Sometimes a movie completely surprises you, leads you in a direction you don’t expect. Deerskin was one such film. Georges’ journey is ridiculous, hilarious, demented, shocking. But suddenly, as Denise sees Georges for who he truly is, through the camera, through the jacket, through the veil he’s so clumsily designed, she sees a lonely, dejected man. In this moment, you realize what the movie is truly about, where we’re being led.
Denise encourages Georges to embrace his art, to become one with his character, to embody the protagonist of a movie he doesn’t even know how to make. What does this signal? What has the message become? This film, that could have so easily been about a man whose loneliness drives him further and further into lunacy, or about the woman who unknowingly beckons a psychological breakdown, suddenly finds Georges a supporter, someone who encourages him to finally become something more—become something. Denise’s quiet complicity, her knowing stare as she relaxedly-yet-obstinately pushes Georges to embrace a figure he clearly fears, teeters on the edge of sheer insanity. She’s driven mad by the prospect of creating great art that inspires someone to live a greater life, even in the face of committing murder.

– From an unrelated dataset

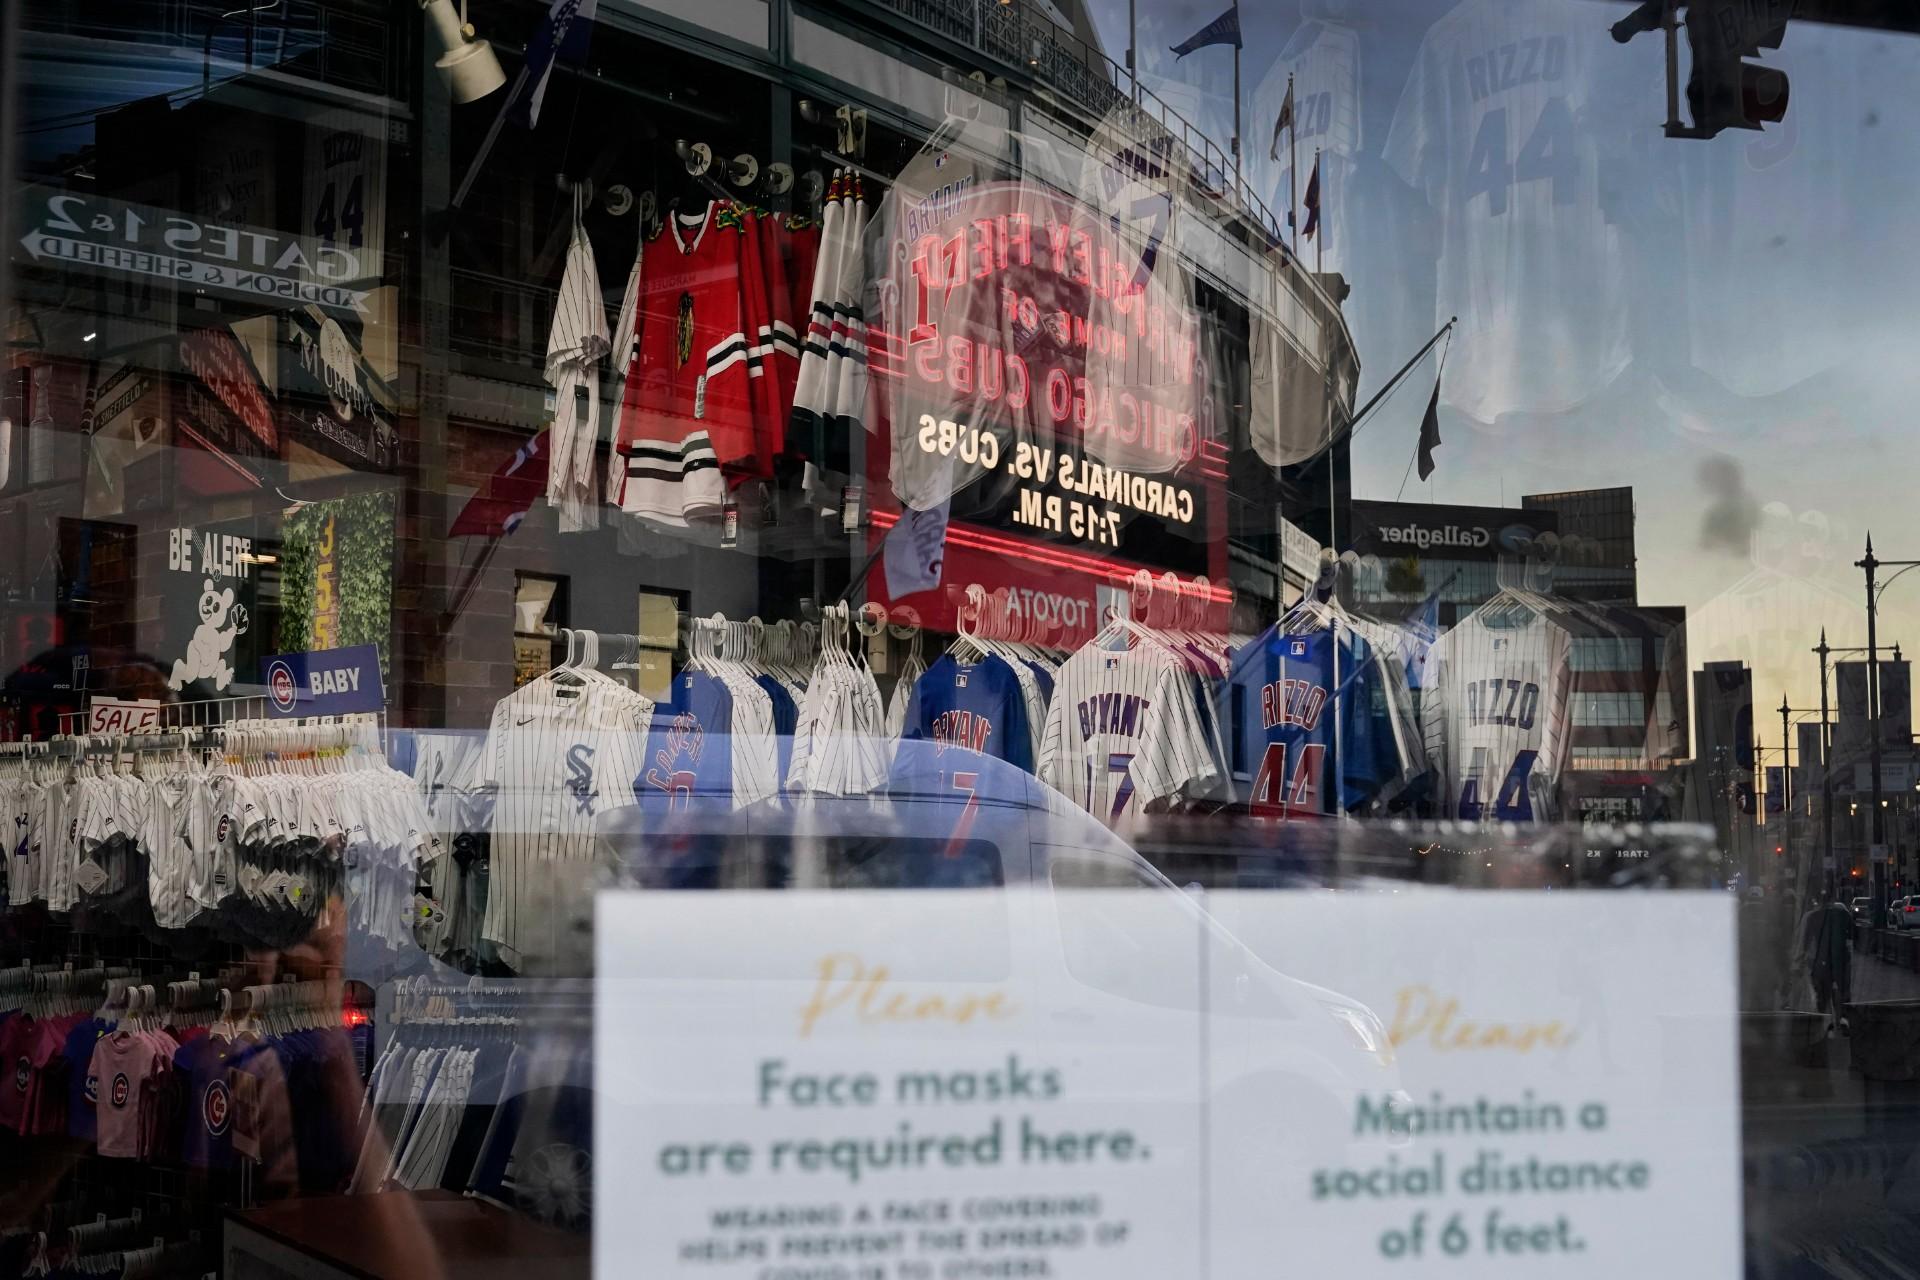 The Wrigley Field marquee is reflected Friday, Sept. 4, 2020, in the window of the Sports World apparel store in the Wrigleyville neighborhood of Chicago. (AP Photo / Charles Rex Arbogast)

On paper, it’s outrageous and absurd. Yet, this dynamic never feels fake. The movie doesn’t jump through hoops to create a monster. Keeping in step with everything I’ve seen so far from Quentin Dupieux, the story neatly nestles into what it was all along: a truly cinematic tale, meta in its direct engagement with the audience, stripped from the confines of what’s expected. The film has been edited together exactly as is by the filmmaker, by the editor, by the people behind the camera and behind the scenes envisioning their piece of art, with the intention of making a statement about loneliness, about what happens to us when we feel invisible. It is realized, it is penetrating, it is unnervingly insightful. And it is, as it should be, scary as hell.